1.4k views Asked by At

I am trying to remove all the Html comment tags from my htmlNode, Following is the HtmlNode selection code from my c#

HtmlNode table = doc5.DocumentNode.SelectSingleNode("//div[@id='div12']");

returned HtmlNode pseudo markup code below

<table>
  <tr>
    <td>test</td>
    <td>
      <!-- <a href='url removed' >Test link Test 2 Comment </a> -->
    </td>
  </tr>
</table>​

I managed to configure Regular expression to resolve my issue, c# code is as follows. But, only in my test run it successfully worked and with input type as string.
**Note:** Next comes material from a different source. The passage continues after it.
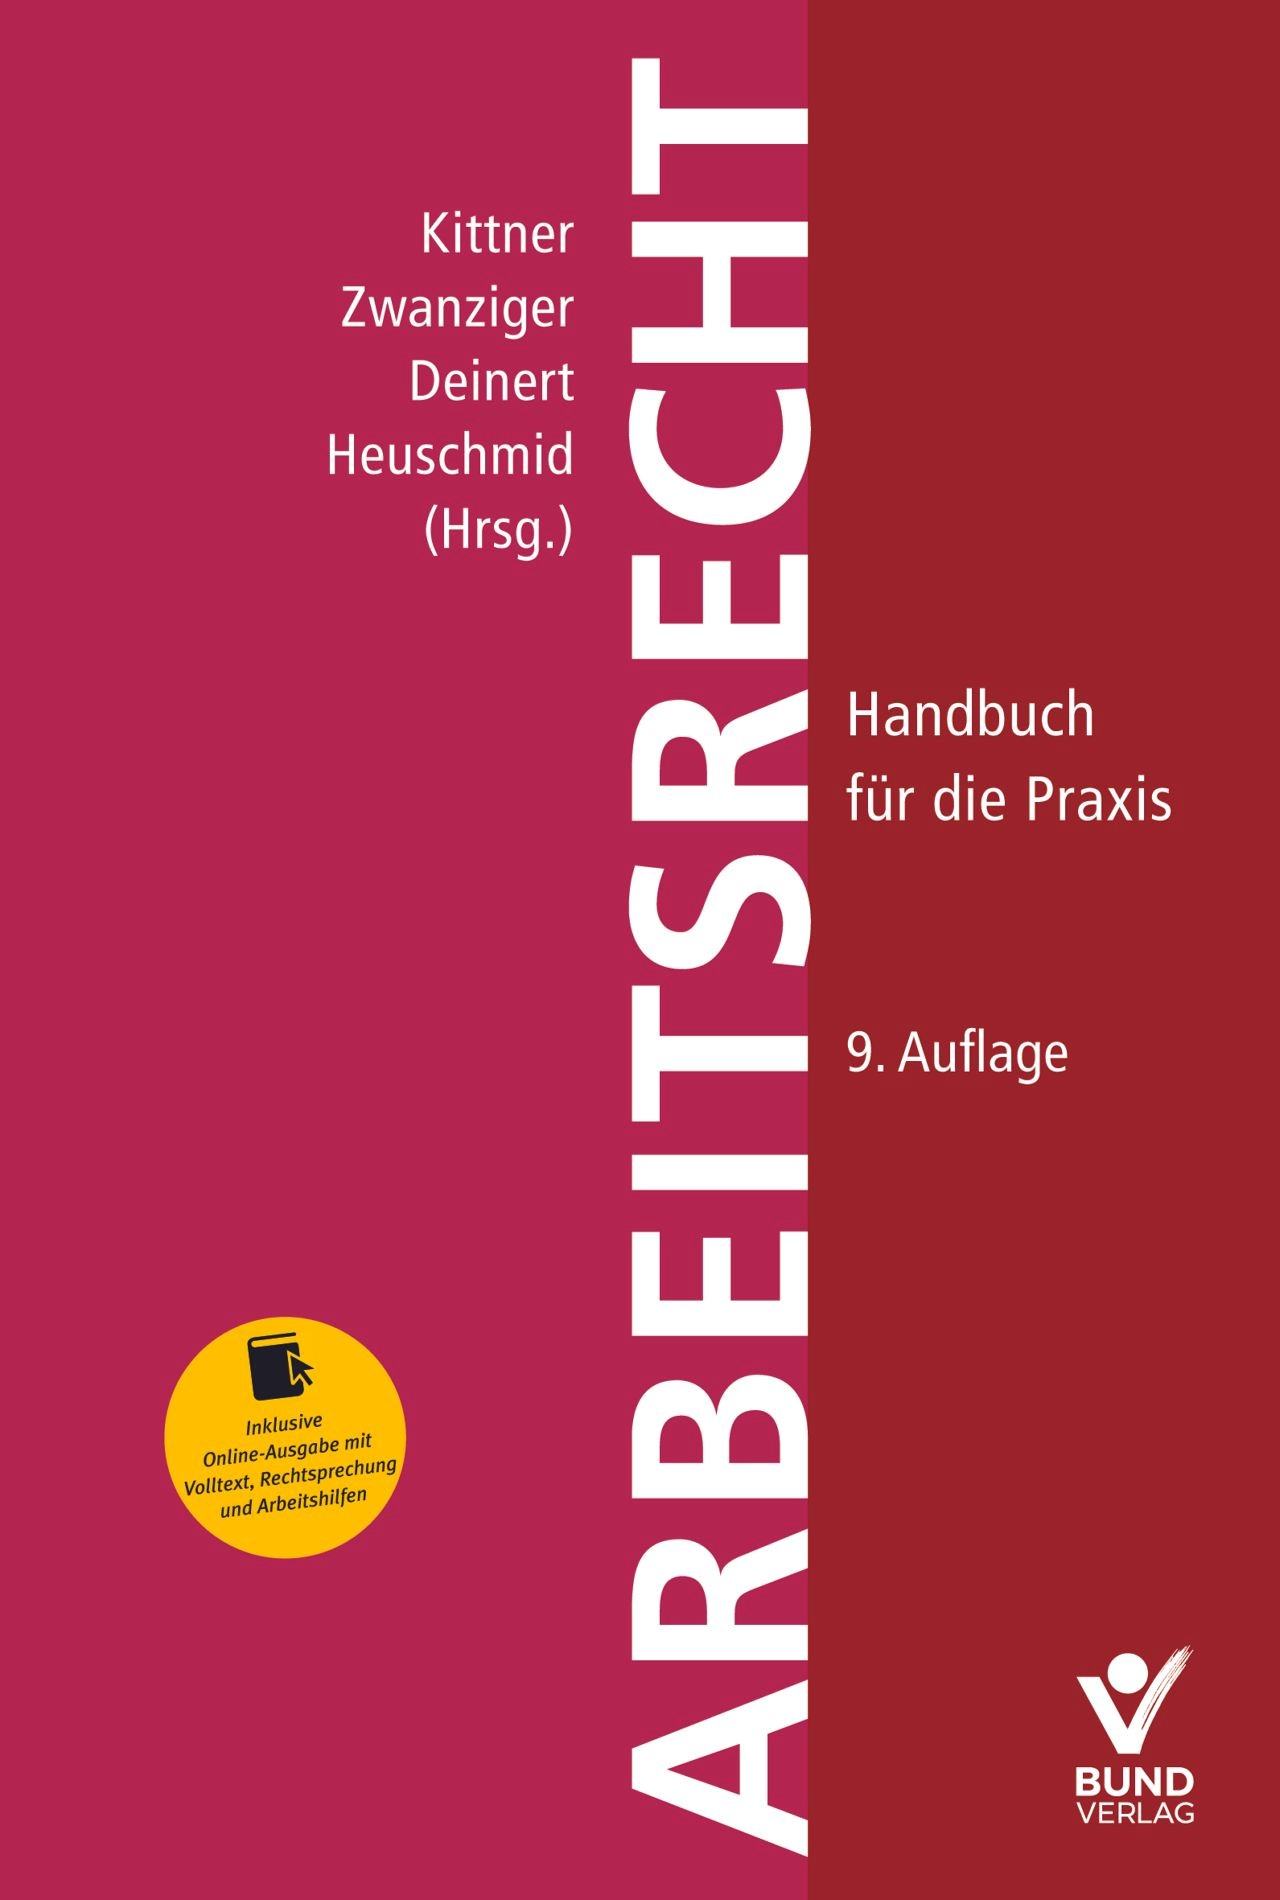 Arbeitsrecht | Kittner / Zwanziger / Deinert / Heuschmid (Hrsg.) | 9. Auflage, 2017 (Cover)

See the c# code below.

string rkr;
rkr = "<!-- <a href='url removed' >Test link Test 2 Comment </a> -->";
rkr = Regex.Replace(rkr, @"(\<!--\s*.*?((--\>)|$))",String.Empty);

Result = "". which is what I want in live run for all the tags.
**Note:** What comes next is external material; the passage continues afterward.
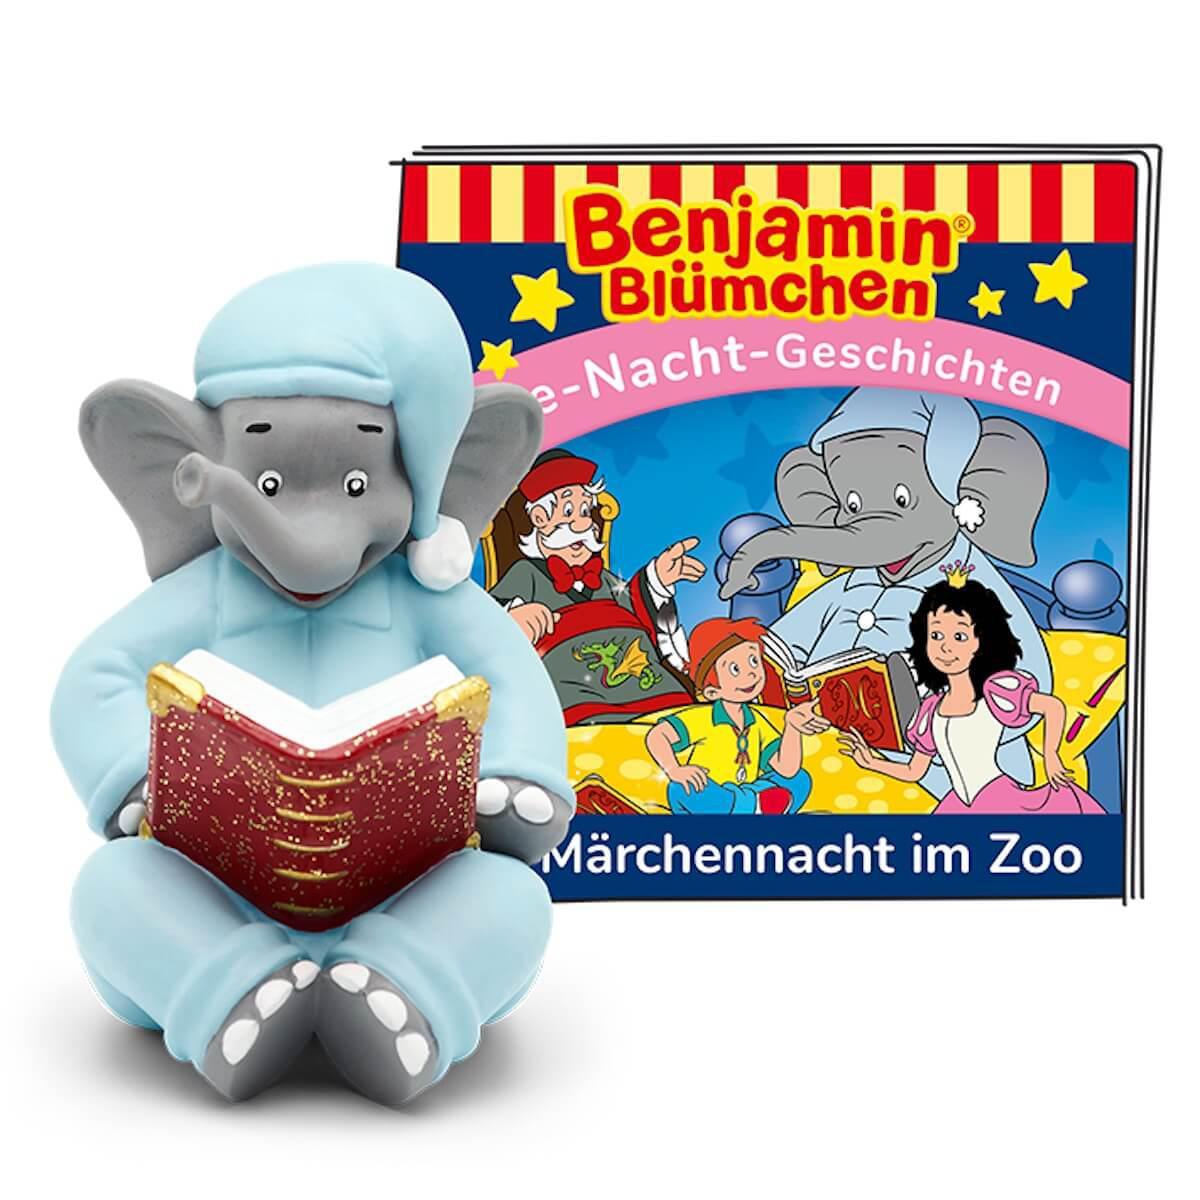 Hörspielfigur TONIES Benjamin Blümchen Märchennacht im Zoo

I have seen many code examples on forums and stackoverflow forum. but nothing is close to what I want. one post was really useful but it was for php - so again no use.

Now, if in the above Regex.Replace function I enter

rkr = Regex.Replace(table, @"(\<!--\s*.*?((--\>)|$))",String.Empty);

I get following error

The best overloaded method match for 'System.Text.RegularExpressions.Regex.Replace(string, System.Text.RegularExpressions.MatchEvaluator, int)' has some invalid arguments

I also tried to convert

rkr = Regex.Replace(table.ToString(), @"(\<!--\s*.*?((--\>)|$))",String.Empty);

But then I get rkr = "HtmlAgilityPack.HtmlNode" return value.
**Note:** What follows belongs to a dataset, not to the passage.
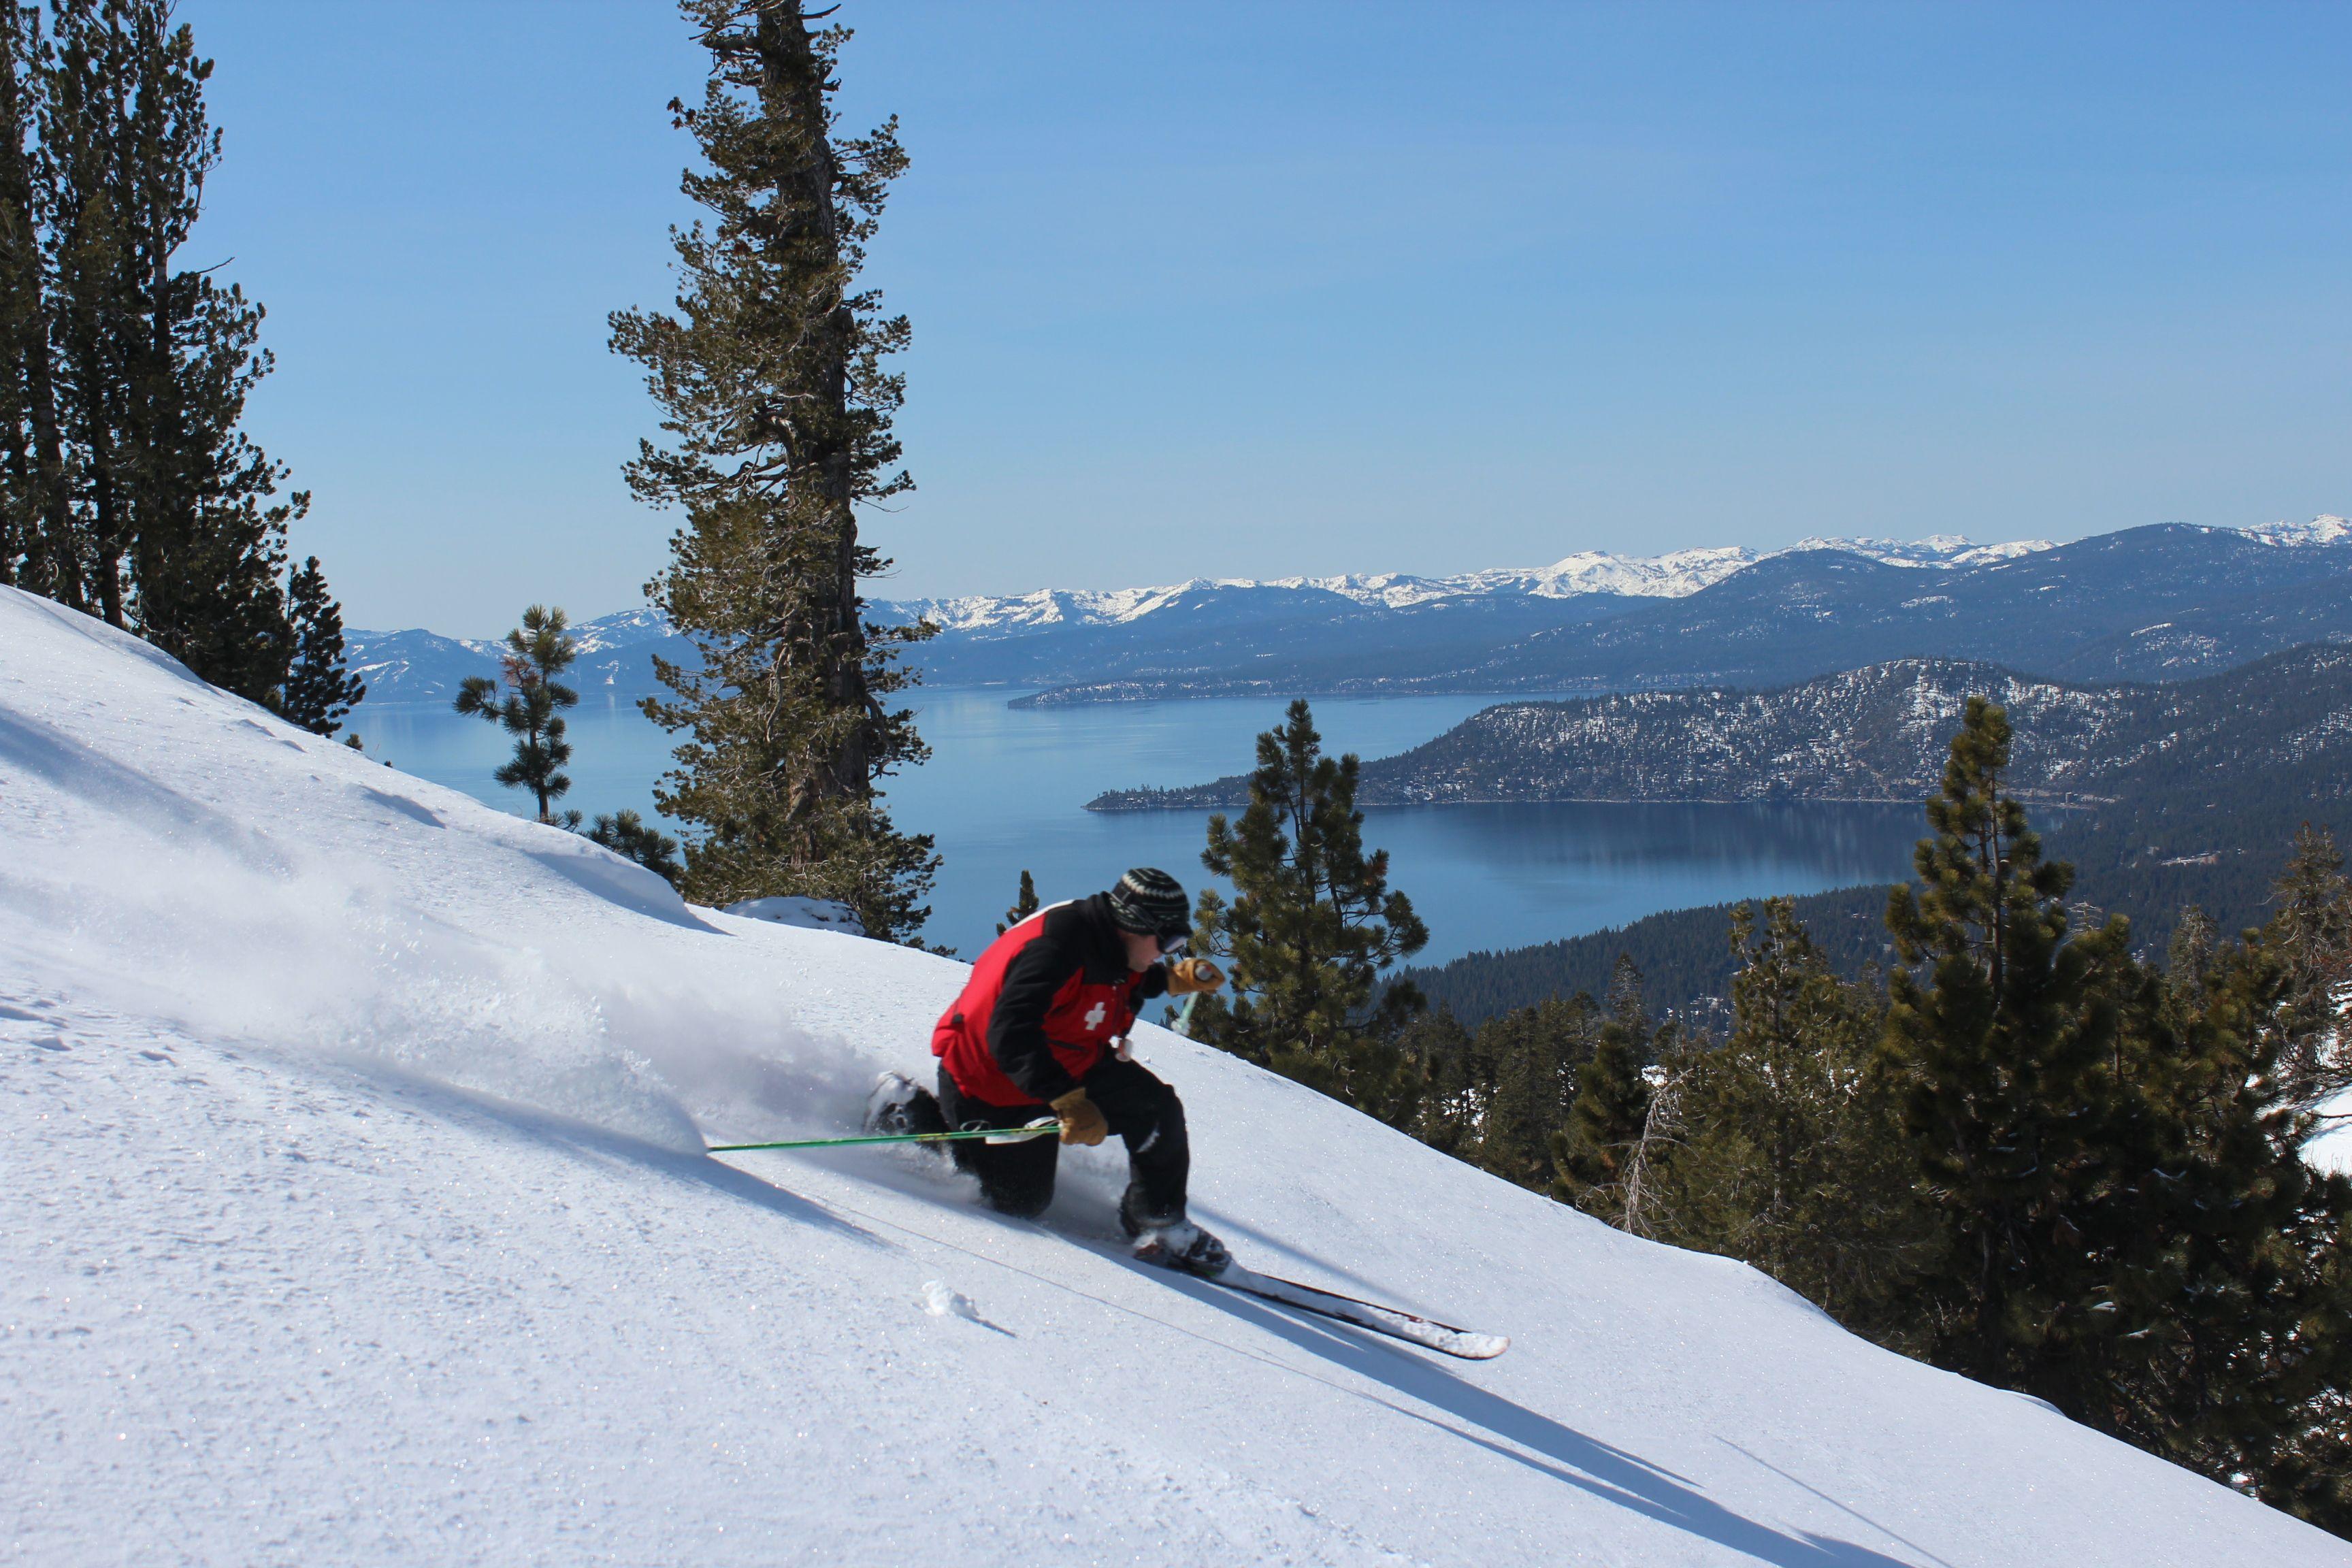 Welcome To Diamond Peak Diamond Peak Ski Resort Ski Resort Skiing Resort

Any help would be great help.

2

There are 2 answers

0
Jag On BEST ANSWER

Thank you all for your help. I found solution in following function.

Just called the function after populating the doc5 as follows

HtmlNode table = doc5.DocumentNode.SelectSingleNode("//div[@id='div12']");

RemoveComments(table);

public static void RemoveComments(HtmlNode node)
{
    foreach (var n in node.ChildNodes.ToArray())
        RemoveComments(n);
    if (node.NodeType == HtmlNodeType.Comment)
        node.Remove();
}

For reference : I found the answer in the following post. How to select node types which are HtmlNodeType Comment using HTMLAgilityPack

very precise and with many different example types, exactly what I was after.

1
Alexander Polyankin On

Answered here:

doc5.DocumentNode.Descendants()
    .Where(n => n.NodeType == HtmlAgilityPack.HtmlNodeType.Comment)
    .ToList()
    .ForEach(n => n.Remove());

Note: ToList is necessary, because you cannot change the sequence that you are enumerating.